The objective of this study is to develop an AI model for classifying maxillofacial morphology in children using lateral cephalometric analysis and to evaluate its classification performance.
A part of this study was previously presented as a poster at the 84th Annual Meeting of the Japanese Orthodontic Society in 2025 [9].

2. Materials and Methods

2.1. Data Collection

This cross-sectional study included 300 children aged 6 to 10 years (134 boys: 8 years 6 months ± 12 months; 166 girls: 8 years 6 months ± 10 months) who were examined at the Orthodontic Department of Iwate Medical University Uchimaru Medical Center between January 2011 and July 2023. All subjects had complete initial examination records. All participants were in Hellmann’s developmental stage (tooth age) IIIA to IIIB. Patients who had previously undergone orthodontic treatment or who had conditions that could affect maxillofacial morphology during growth, such as cleft lip and palate, or chromosomal abnormalities, were excluded.
This study was approved by the Ethics Committee of Iwate Medical University (Approval Number: 01373).

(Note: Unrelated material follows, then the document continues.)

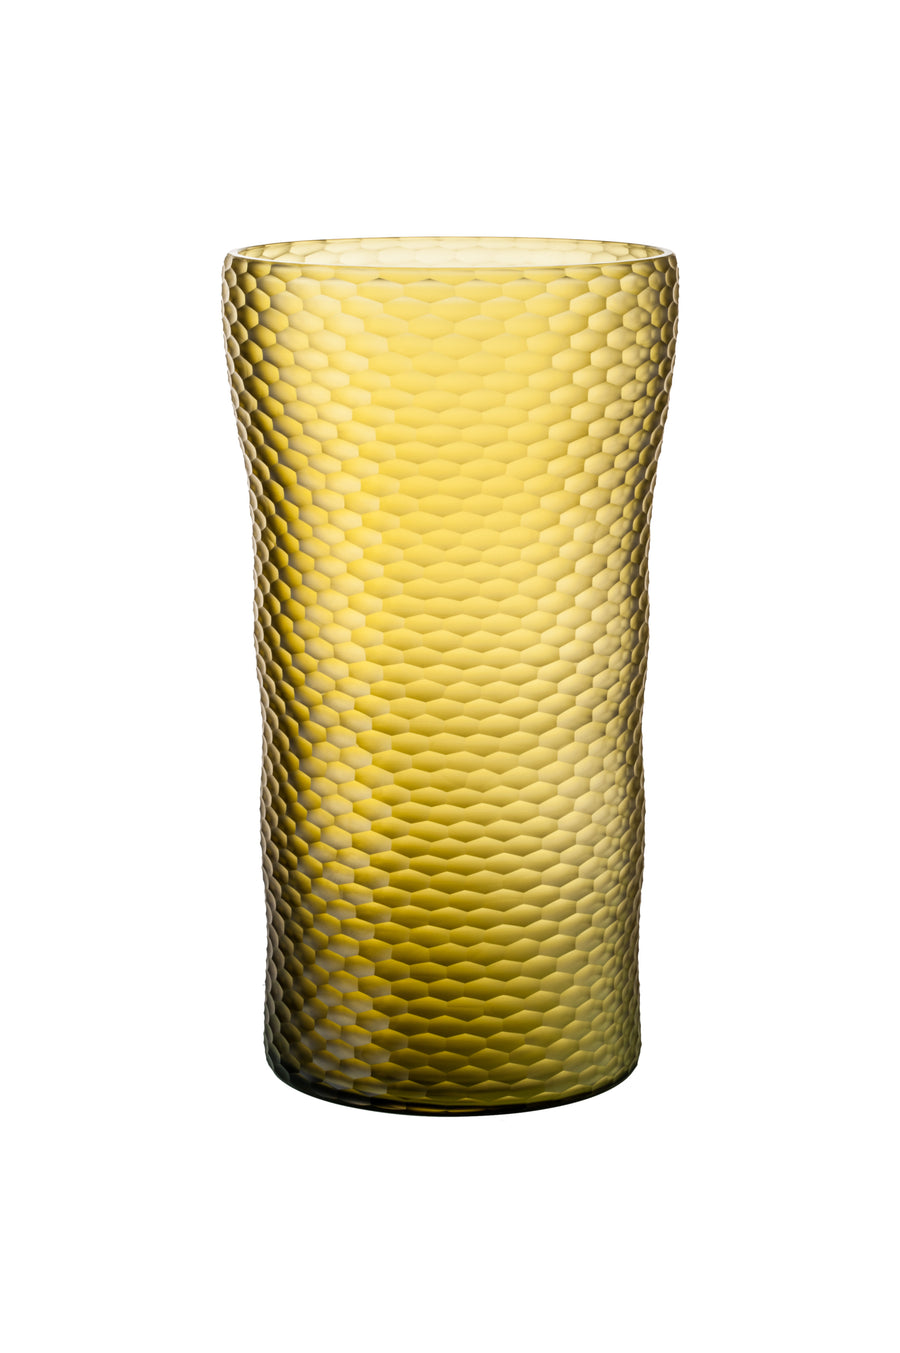 BATTUTO A NIDO D’APE Glass Vase by Carlo Scarpa for Venini - DUPLEX DESIGN

2.2. Training Data Preparation

Lateral cephalograms obtained at the initial examination were analyzed using WinCeph software (Version 11; Rise Corporation, Sendai, Japan). From the 127 analysis items generated, two horizontal parameters (ANB angle and overjet) and seven vertical parameters (mandibular plane to FH, mandibular plane to SN, ramus plane to FH, ramus plane to SN, gonial angle, overbite, and N-Me/Cd-Go) [10,11] were selected as input features for maxillofacial morphology classification (Figure 1). The ANB angle, selected as a horizontal parameter, is the most widely used indicator and is employed in the general Class I, Class II, and Class III classifications.
In vertical classification, the Mandibular plane to FH, Mandibular Plane to SN, Ramus Plane to FH, and Ramus Plane to SN accurately represent the position of the mandible. Together with the Gonial Angle, these are crucial for evaluating mandibular morphology and rotation direction.
Furthermore, N-Me/Cd-Go represents the ratio of anterior facial height to posterior facial height, serving as an auxiliary parameter for vertical classification.
Alongside these items, overjet and overbite, reflecting the occlusal state, were entered as input features.
Calibration was performed using lateral cephalograms with a metal ruler inserted. Scale correction was applied based on the known distance between two points on the ruler, and calibration was implemented in WinCeph. This converted all linear measurements on the cephalometric images to actual physical distances.
Three orthodontists (two instructing physicians and one certified physician, all members of the Japanese Orthodontic Society) classified each patient’s maxillofacial morphology horizontally into skeletal Class I, Class II, or Class III and vertically into short frame, medium frame, or long frame. Combining the three horizontal and three vertical classifications yielded nine morphological patterns (skeletal Class I short frame, skeletal Class II short frame, skeletal Class III short frame, skeletal Class I medium frame, skeletal Class II medium frame, skeletal Class III medium frame, skeletal Class I long frame, skeletal Class II long frame, and skeletal Class III long frame).
The orthodontists classified each patient independently. If two orthodontists agreed on one category and the third differed, a majority decision was applied. If all three selected different categories, the case was discussed until a consensus was reached. These consensus-based classifications were then used as the gold standard classification. Model training and evaluation were performed using 10-fold cross-validation. The 300 patients were randomly divided into 10 subsets. At each iteration, nine subsets were used for model training, and one subset was used for evaluation. The average performance across all iterations was calculated as the final evaluation metric.

2.3. AI Model Development

For the Sassouni classification, the Python scikit-learn (sklearn) package (version 1.6.1) was used. Data preprocessing and numerical computations were performed using pandas (version 2.2.2) and numpy (version 2.0.2).
Three machine learning (ML) models were trained and evaluated:
(1)
Random forest classifier (RF);
(2)
Logistic regression (LR);
(3)
Support vector classification (SVC).
Each model was trained and evaluated using 10-fold cross-validation. Results from each iteration were averaged to assess overall performance. Model classification outputs were then compared with the orthodontists’ classifications (Figure 2).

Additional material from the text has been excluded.